The Supreme Court on Tuesday dove into the murky waters of affirmative action, and the result was déjà vu. As it has in other recent cases, the court’s lead opinion claimed the middle ground but in fact drove the law to the right.
The result: Statewide bans on affirmative action are all but bulletproof from here on out, even though Justice Anthony Kennedy, who wrote the opinion, suggested otherwise.
In Schuette v. BAMN, the case decided Tuesday, the court was considering Michigan’s ban on affirmative action in college admissions. For years, Michigan’s state universities considered race as a “plus” factor, but in 2006 voters amended the state constitution to forbid that practice. The question for the court: Was that ban unconstitutional?
Whatever one thinks about affirmative action in general, the Supreme Court wasn’t writing on a clean slate in resolving this particular question. In cases from the 1960s to the 1980s, the court considered state laws that overturned local laws favoring minority groups – for example, laws ordering public-school busing – and made it impossible for minorities to obtain favorable local legislation. Those sorts of laws, the court wrote, are unconstitutional if they “subtly [distort] governmental processes in such a way as to place special burdens on the ability of minority groups to achieve beneficial legislation.”
Opponents of Michigan’s affirmative-action ban argued that the ban is unconstitutional under those precedents. The Michigan regime, they said, saddles minorities with a special burden no one else faces when dealing with admissions policies. Those seeking, for example, a preference for admitting student-athletes or “legacy” applicants could take their case to a school directly, while those who want a racial preference would have to amend the state constitution.
In today’s decision, the Supreme Court splintered on that claim: Two justices (Sotomayor and Ginsburg) agreed the Michigan law was unconstitutional. Two (Scalia and Thomas) attacked affirmative action in harsh terms and would have overruled the earlier cases altogether.
The lead opinion, meanwhile, staked out what it said was a middle ground. Justice Kennedy, joined by Chief Justice John Roberts and Justice Samuel Alito, refused to overrule the earlier cases – or so he said. But he then reinterpreted those cases in a way that effectively erases them from the books.
According to Kennedy, the earlier decisions forbade state interference with local laws protecting minorities only because the local laws at issue were designed to undo “specific injuries from hostile discrimination.” In other words, where a locality adopts a race-conscious policy to fix legal segregation or other explicit government discrimination, a state cannot necessarily overrule it and require even-handedness. But in every other circumstance, the state can do so – even if that means minorities end up facing the very legislative disadvantages the earlier decisions said were impermissible.
That new approach likely is the nail in the coffin for efforts to challenge bans on affirmative action in college admissions.
That’s because schools don’t use race as a plus factor to remedy government-sanctioned segregation – at least, not recent government-sanctioned segregation.

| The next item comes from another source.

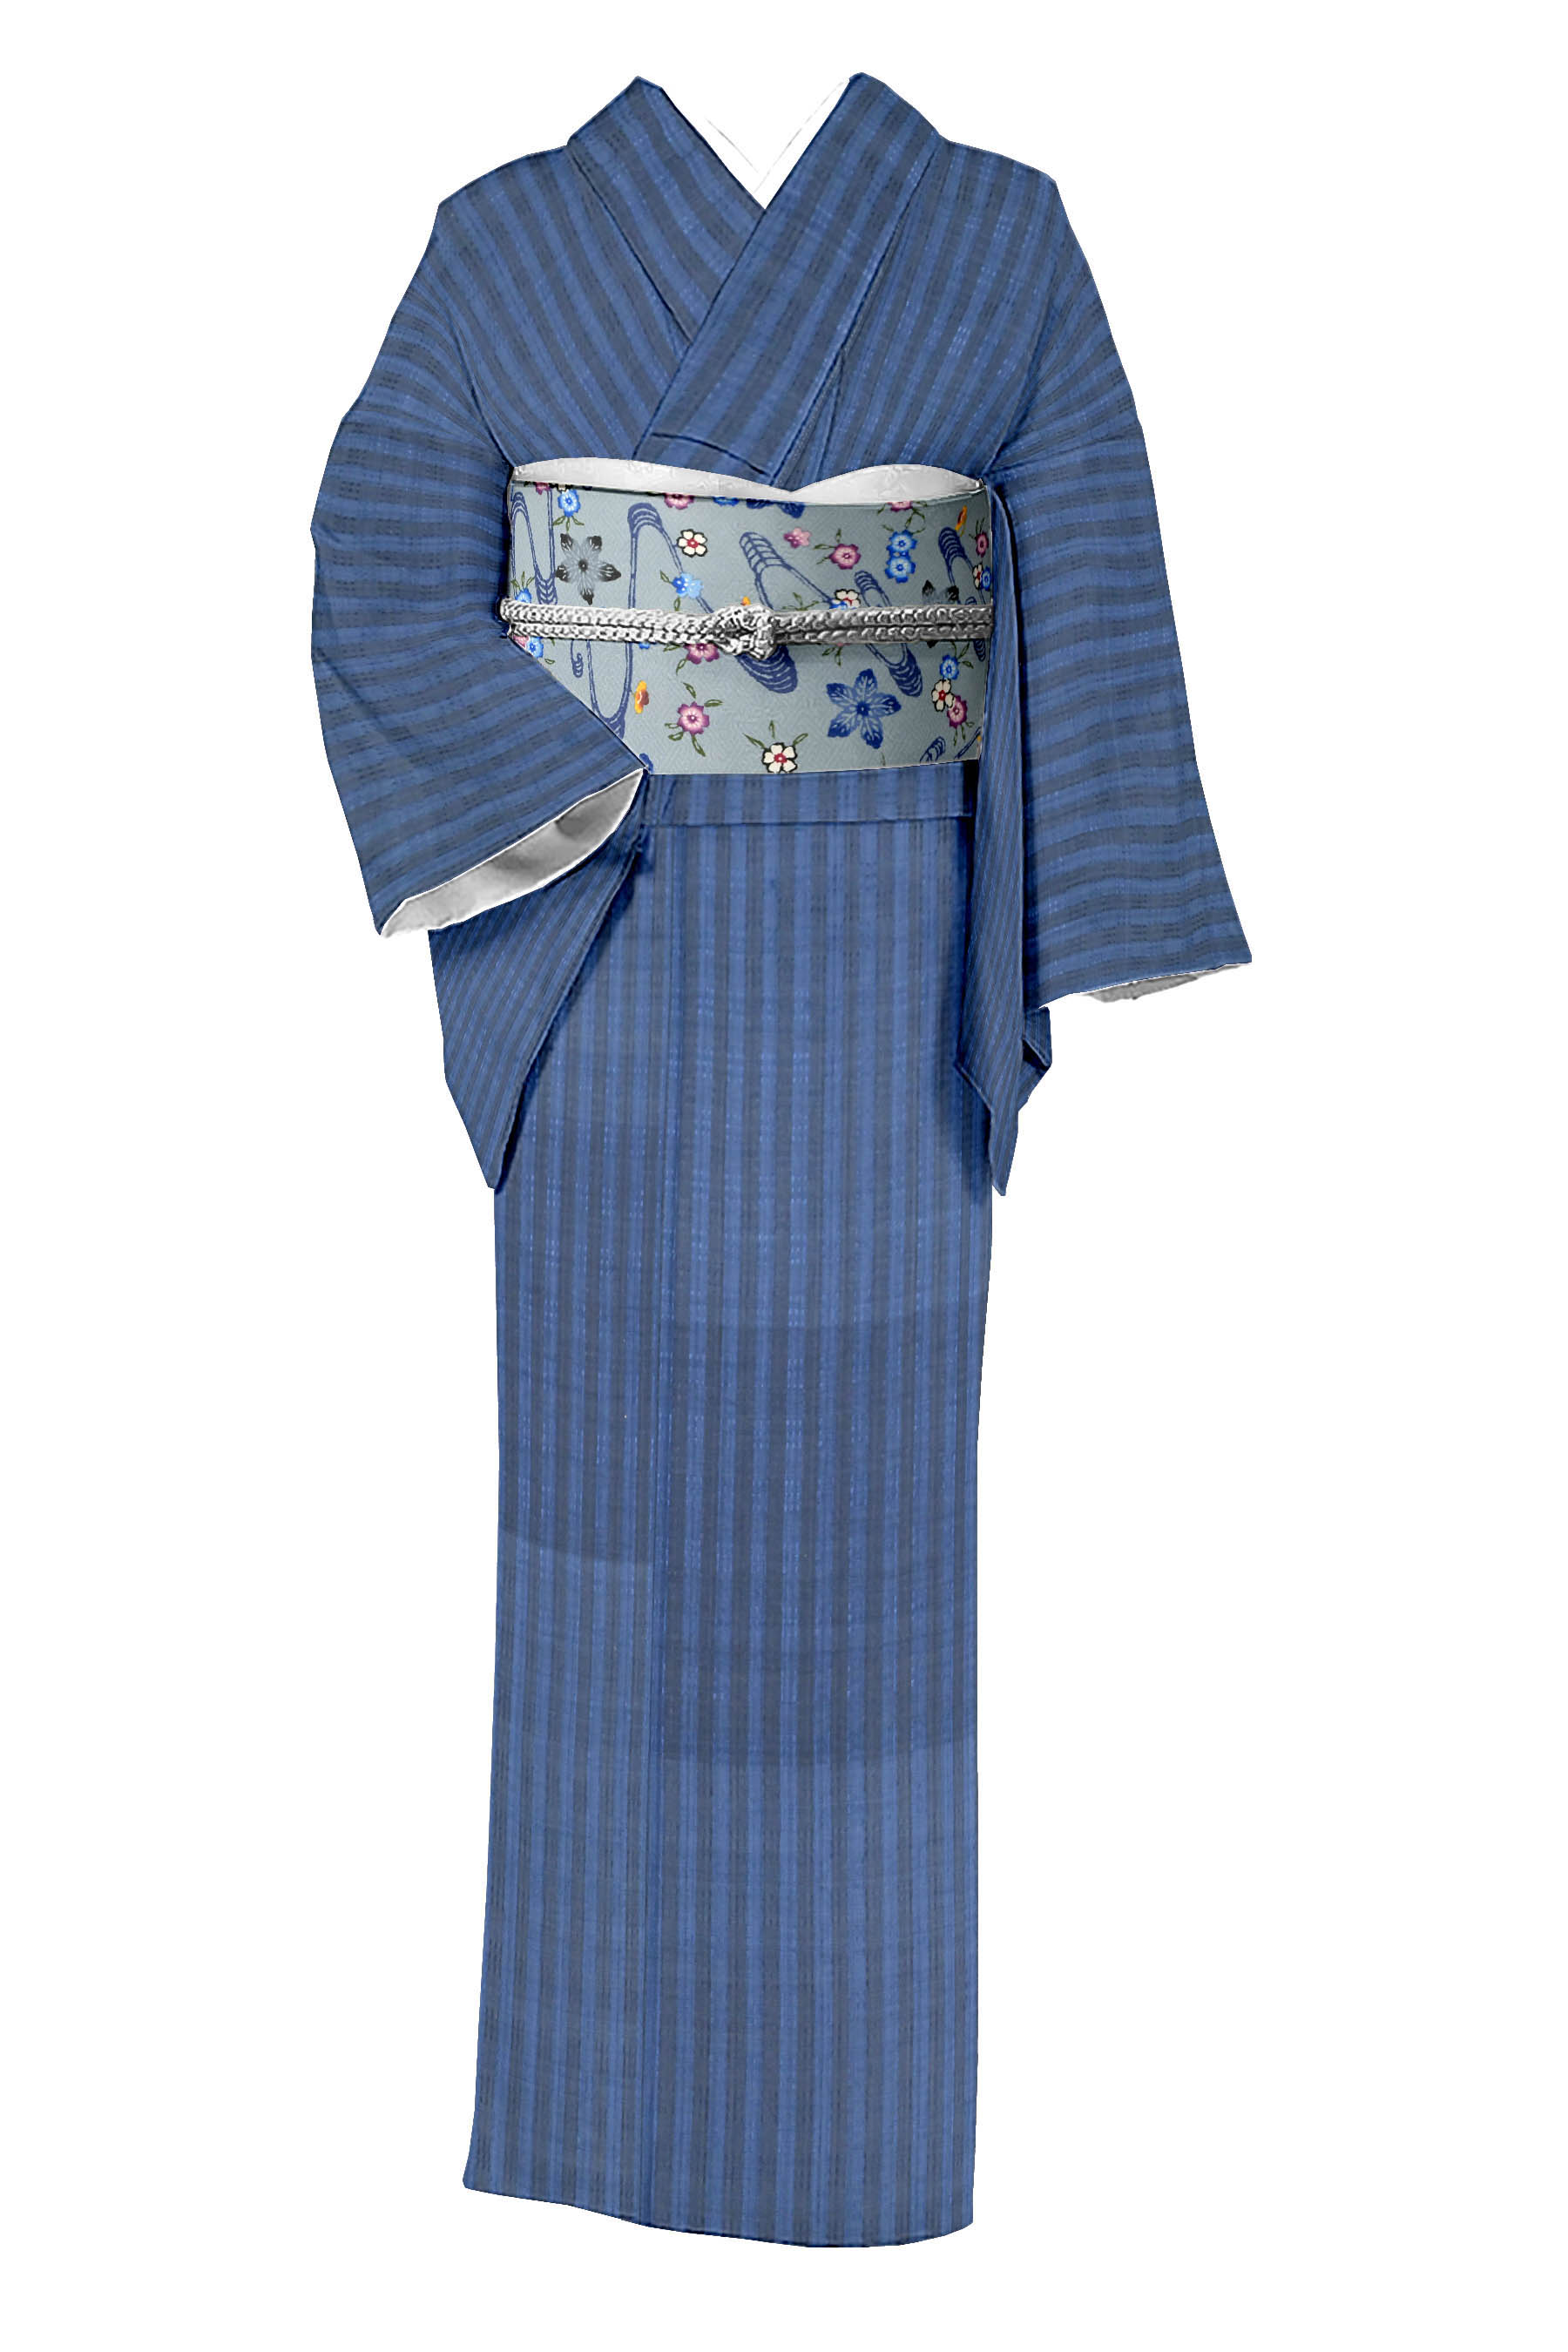 着物だいやす 526□八寸名古屋帯□琉球花織 浮織 菱格子横段文 濃藍色

They do it instead to counteract subtler disadvantages faced by minority applicants, and to diversify the student body. But as far as Kennedy is concerned, that isn’t enough: Unless proponents can show that schools are considering race as a way to counteract Jim Crow laws – something they can’t show – their affirmative-action policies can be abolished by majority vote.
Kennedy thus torpedoed several decades of precedent while claiming not to do so – a familiar phenomenon of late.
Whatever the merits of that approach, Justice Scalia wasn’t buying it. Instead, in classic Scalia form, he unloaded with both barrels. His concurring opinion called the earlier cases protecting local affirmative-action policies from state interference “sorry,” “appalling,” and “absurd.” He attacked Kennedy for refusing to overrule them. And he said the dissenting opinion’s willingness to strike down a state policy requiring racial evenhandedness was “shameful.”
Those are uncommonly strong words for a judicial opinion, but they’re par for the course for Scalia.
But then he went even further: He closed by writing that state affirmative-action bans should be permissible “regardless of whatever evidence of seemingly foul purposes plaintiffs may cook up in the trial court.”
That is a bold statement, as an example illustrates. Imagine if a state university began using race as an admissions plus-factor, and a majority of state legislators banded together and said publicly, “we have to end this policy because we want our schools to stay white and too many minority students are getting in.” The legislature then passed a law banning affirmative action in college admissions. Scalia’s opinion strongly suggests that would be just fine.
It’s bizarre to think that would be the law. And it’s not, at least for now: Scalia’s opinion attracted only one other vote, while Kennedy carried the day. Call it a victory for subtlety – for better or for worse.
Dominic Perella is a partner in the law firm of Hogan Lovells, where he specializes in Supreme Court and appellate litigation.